I work for a digital marketing agency - but as far as I know we haven't had any indie game teams as clients, and what works for one industry won't necessarily work for another. I know this doesn't answer your question, but maybe this can provide some context for other answers:

Ultimately it comes down to identifying your goal(s) (usually sales, downloads, etc.) and driving traffic to your site/fb/app store page to meet those goals. That makes it sound a little sterile but ultimately there are people out there looking for games, so it's worth putting some thought into where those people are looking, what they're looking for, etc. so they can find you.

Some basics: Analytics: Plug google tag manager into your site, then add google analytics via tag manager. Do this first so you can see improvement.

Do some keyword research: Google's keyword planner is the de facto free tool to use for this. Make a list of terms that are relevant to you. Aim for high search volume, low competition. You'll refer back to this research in pretty much everything else you do.

Optimize your site for SEO: make sure the H1s, titles, content, etc. are relevant for the terms/phrases you researched.

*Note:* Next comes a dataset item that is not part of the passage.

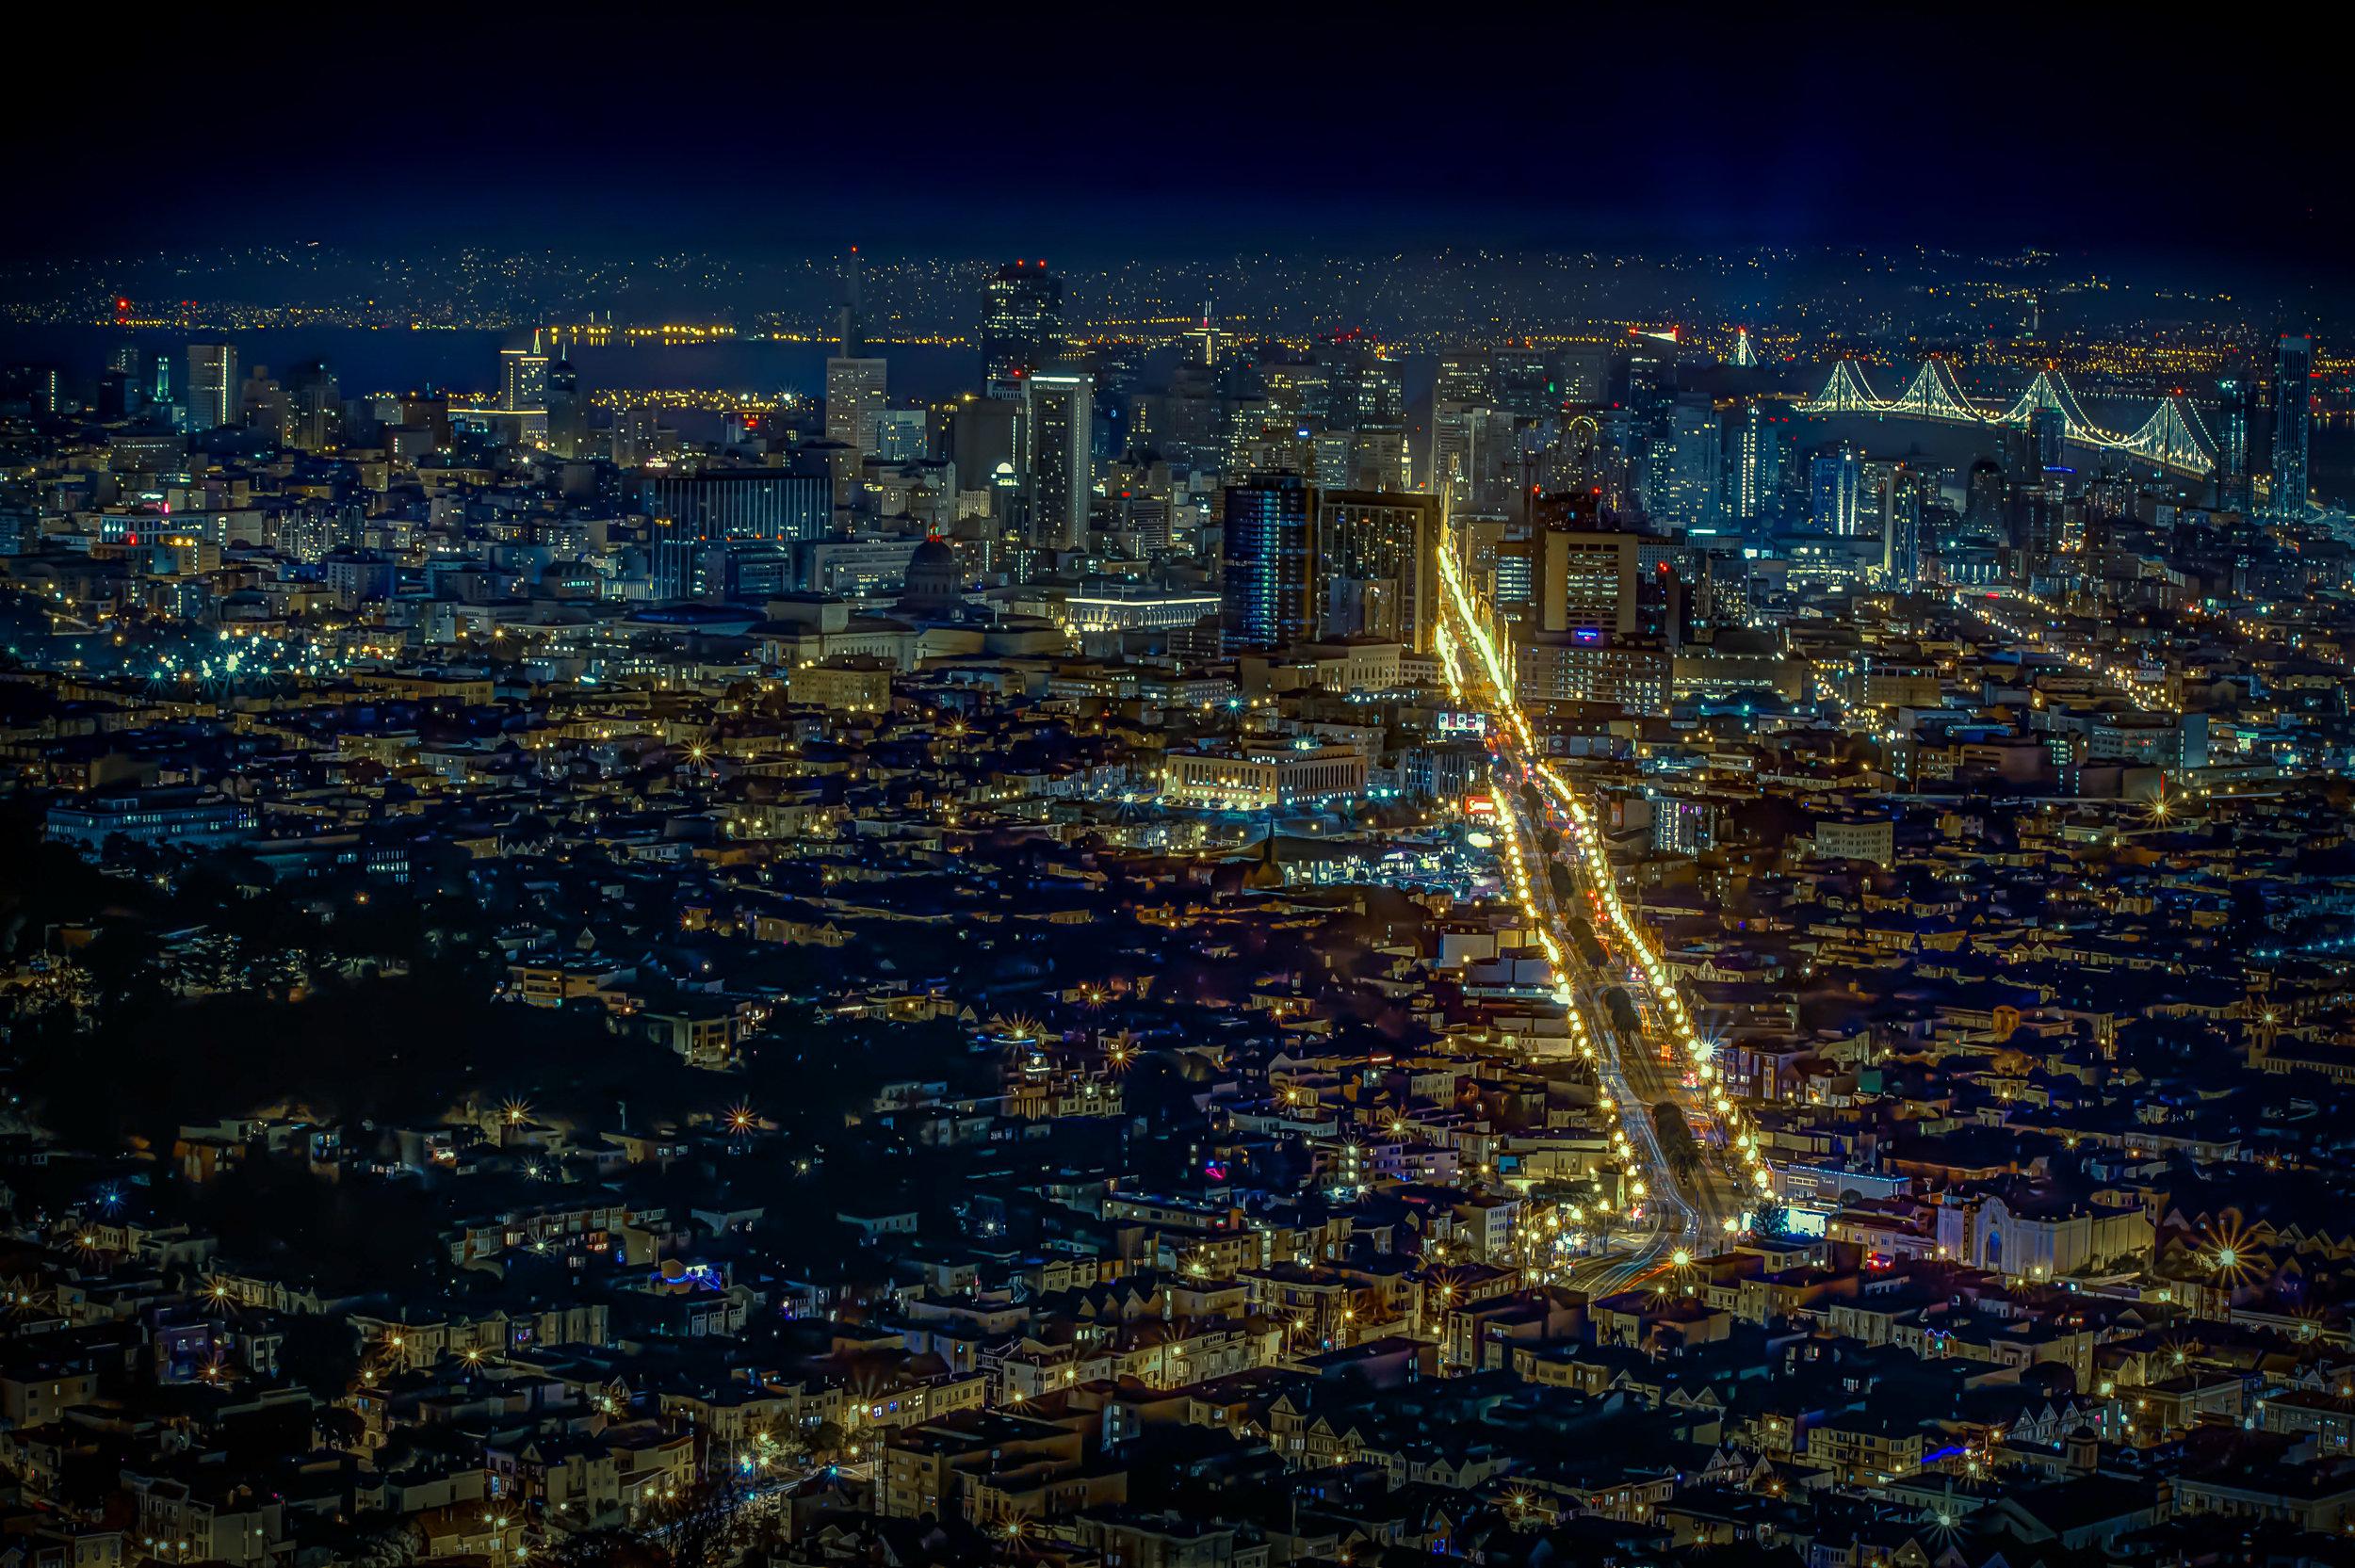 Nightlife in San Francisco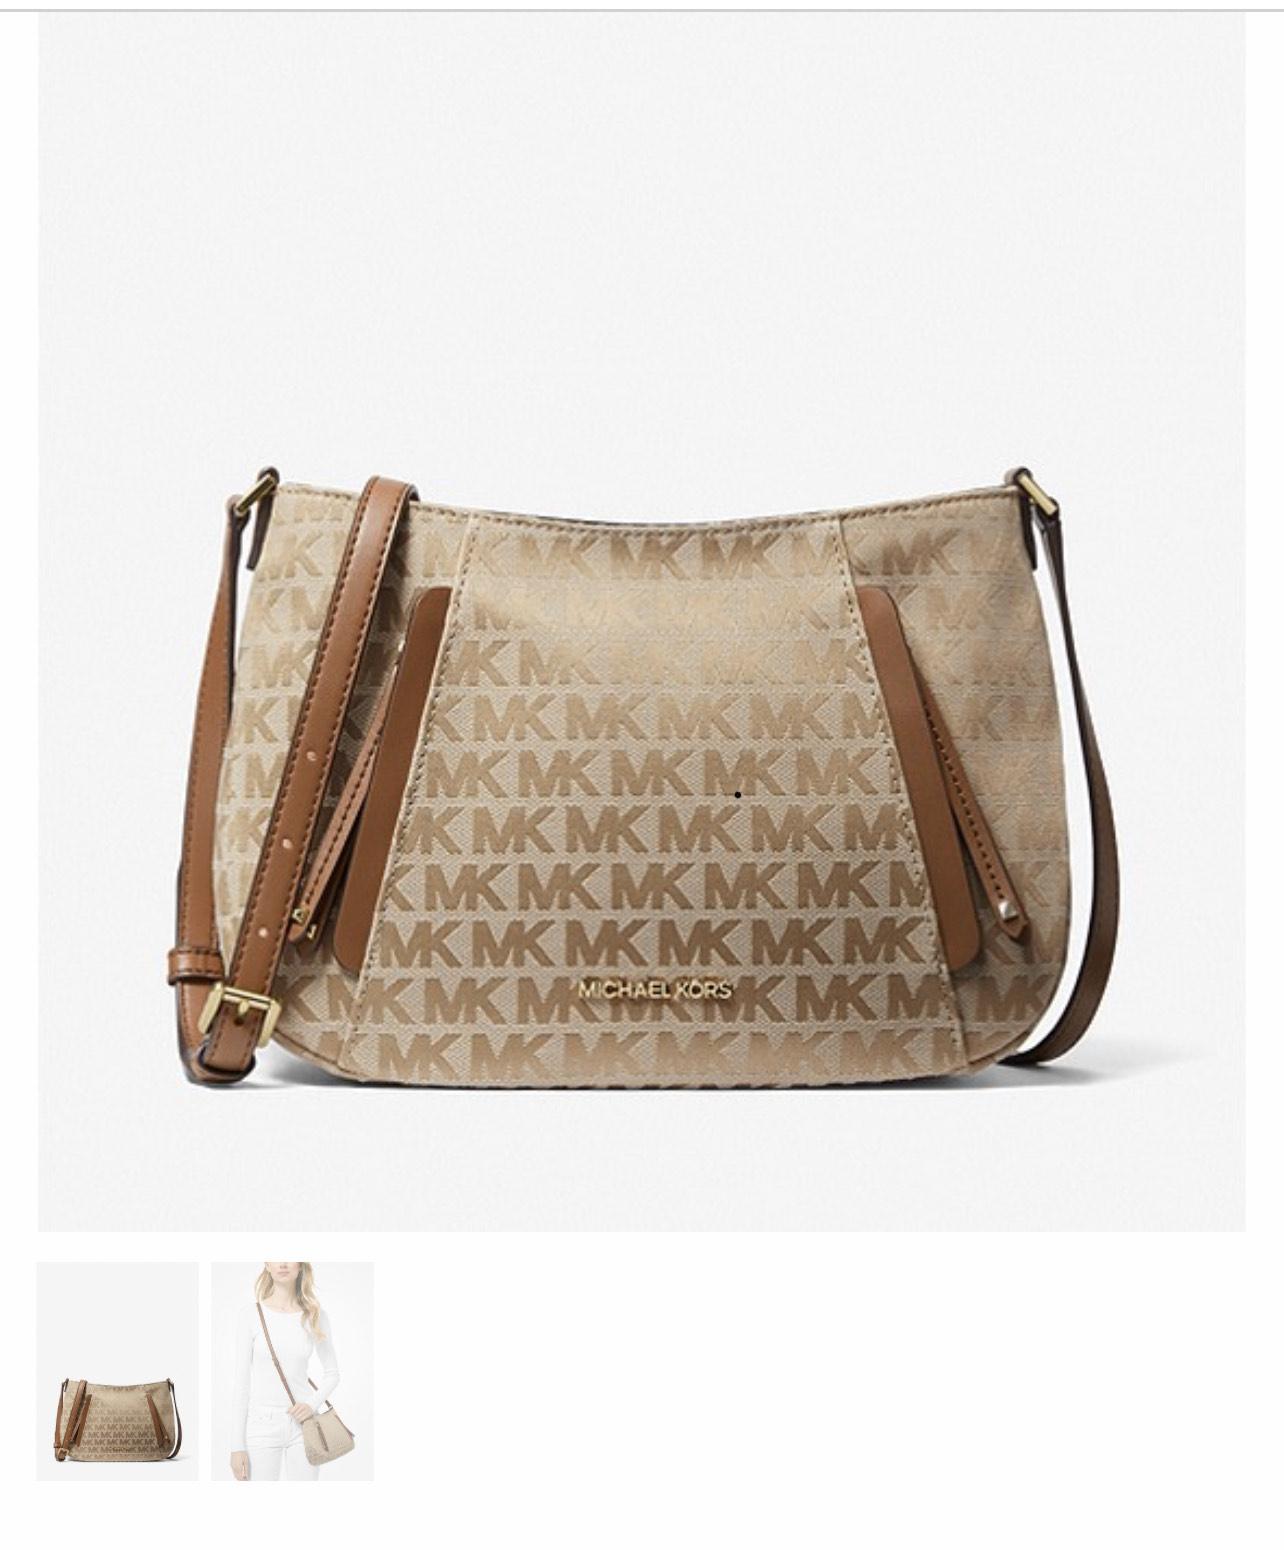 MICHAEL MICHAEL KORS Evie Medium Logo Jacquard Messenger Bag £89 Michael Kors Shop

Publish content: Write blogs, generate art, trailers, spotlights, etc. Create a calendar of content to publish. Try to squeeze as much out of each piece of content as possible (post it to various mediums, repost it after a month or two if relevant, experiment to see what is effective). For blog topics: could be on the tools your team uses, reflections on the dev process, a review of concept art -> finished product, etc.

Network: Get backlinks (links from other sites back to your site). It's probably the most important thing you can do, but also tends to be the most difficult. Offer to write guest blogs, do interviews, QAs, press releases, etc.

PPC (pay-per-click) ads: PPC usually means google ads - you'll write ads and bid for keywords, people will see them when they search for those keywords, then you pay when they click the ad. Great if you can get it to a point where $1 in equals $2 out, but can take a little (or a lot) of work to tweak the audience, keywords, etc. to get it to convert right.

If you (or other indie game folks for that matter) are interested, I'd be down to swap marketing work if you'd let me write up a case study about the project. It's worth it for us to get the experience in a relatively unknown vertical, and in the end it's a piece of content we can potentially publish elsewhere for mutual benefit. Just a thought.